Smirking Smuggins

Head off to Finchley Road tube station and then trudge up the hill to get to the Camden Arts Centre where the main show here today is Peter Fraser’s Mathematics.  Now, I have to confess that I’ve never heard of the artist before but I like the sound of the exhibition title.  It makes me think that maybe the show’s going be one of those technographical Minimalist extravaganzas involving reams and reams of graph paper filled up with tiny colourful abstractified sequences of pretty geometric shapes; or else walls full of seemingly empty canvases that, on close inspection, are found to be dotted with series of tiny indecipherable pencil marks; or perhaps there’ll be lots of clattering little light displays that pay numerical homage to the fabulous Fibonacci Series.  No such luck.  In fact what’s on offer is a show of photographs that have absolutely nothing to do with any of the kinds of sums and calculating concepts that I happily toyed with at school, university and then various back office accounts departments.  Indeed, although the thirty or forty large colour snaps here are evidently meant to be considered together as one grand compositional whole, it’s not at all clear to me what on earth it is that links them together, algebraically, geometrically, trigonometrically or any other mathematical ally…or enemy, for that matter.

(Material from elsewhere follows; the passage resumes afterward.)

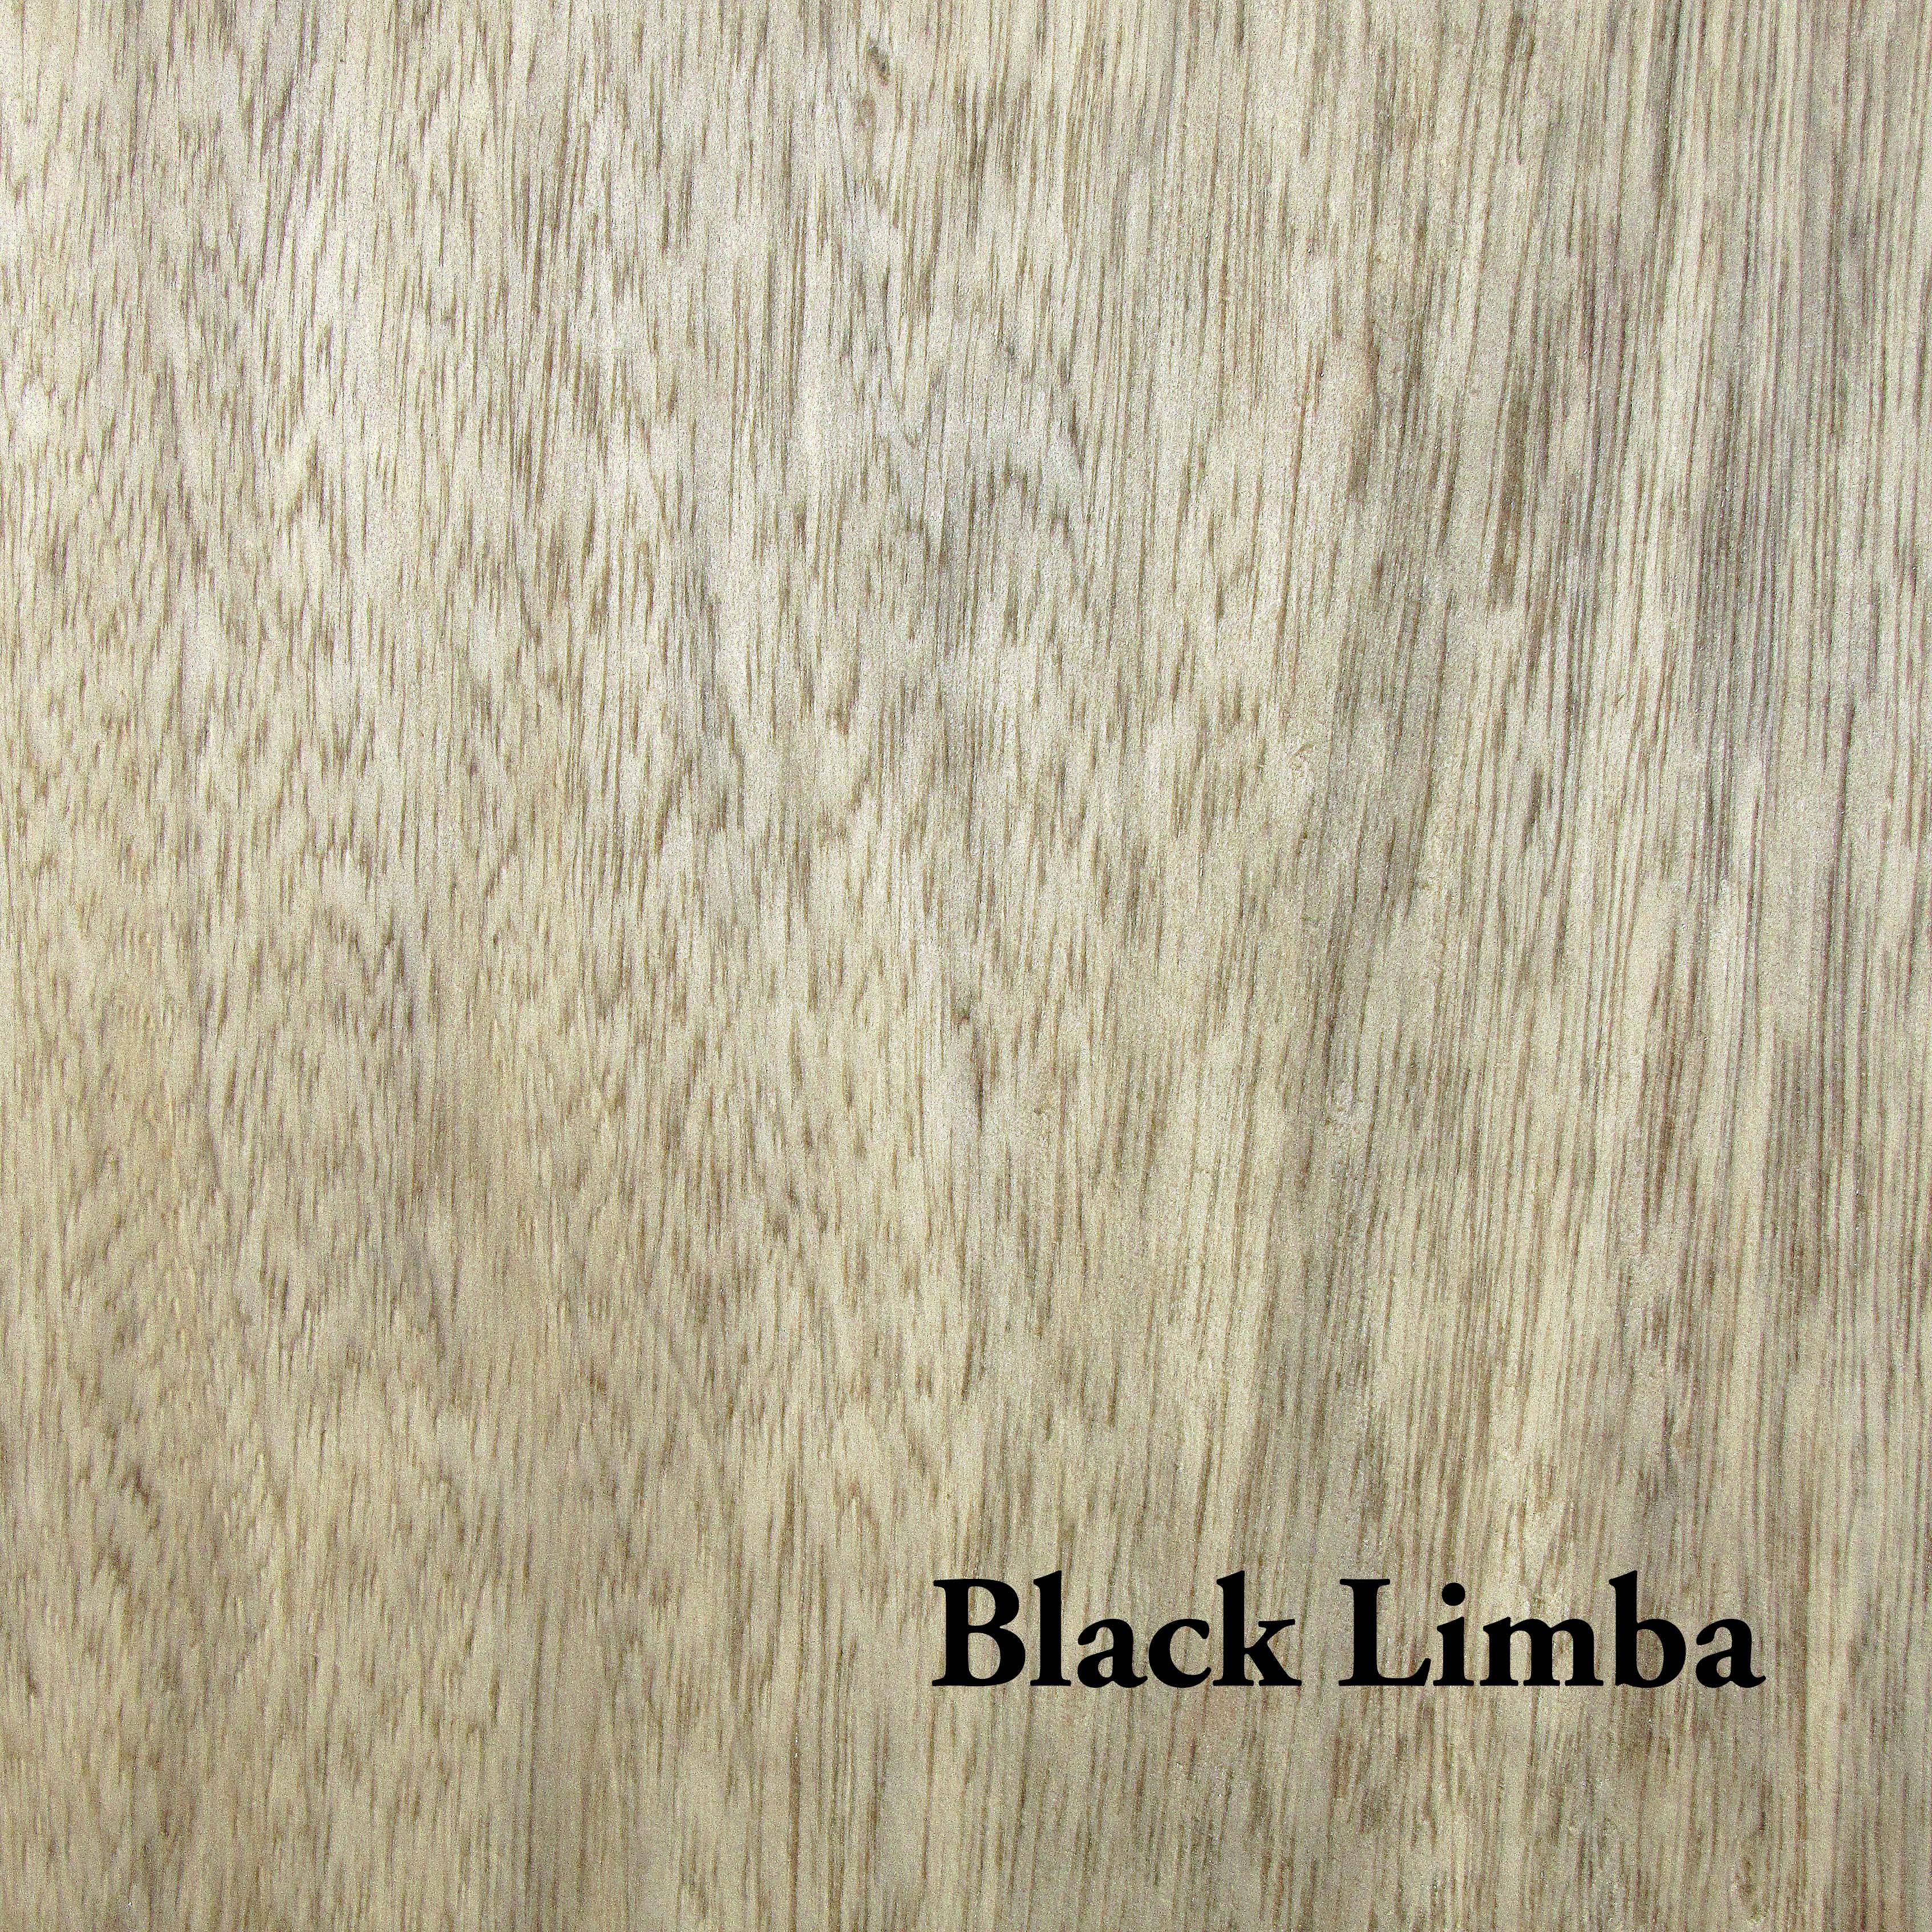 Limba Black Hardwood S2s Capitol City Lumber

So, for instance, the very first three shots in this unhappy visual volley consist of the rear end of a cow, a bowl containing a bisected tomato and a twisted ribbon of little LED lights.  Usually when I come across these kinds of tiresome teasers that expect me to connect seemingly disparate objects or events – either in the quiz at the back of the Saturday Guardian colour supplement or on one of those mid-afternoon TV egg-head panel games – I come up with the same instant answer that involves either quickly turning over the page or else zapping on to a different free-view channel.  Well, life is simply far too short to bother wasting brain power on such pointlessnesses and it’s hard to see the value in setting oneself up to be outwitted by some sad smirking smuggins who spends his life thinking up trick questions to try to catch out cleverer people.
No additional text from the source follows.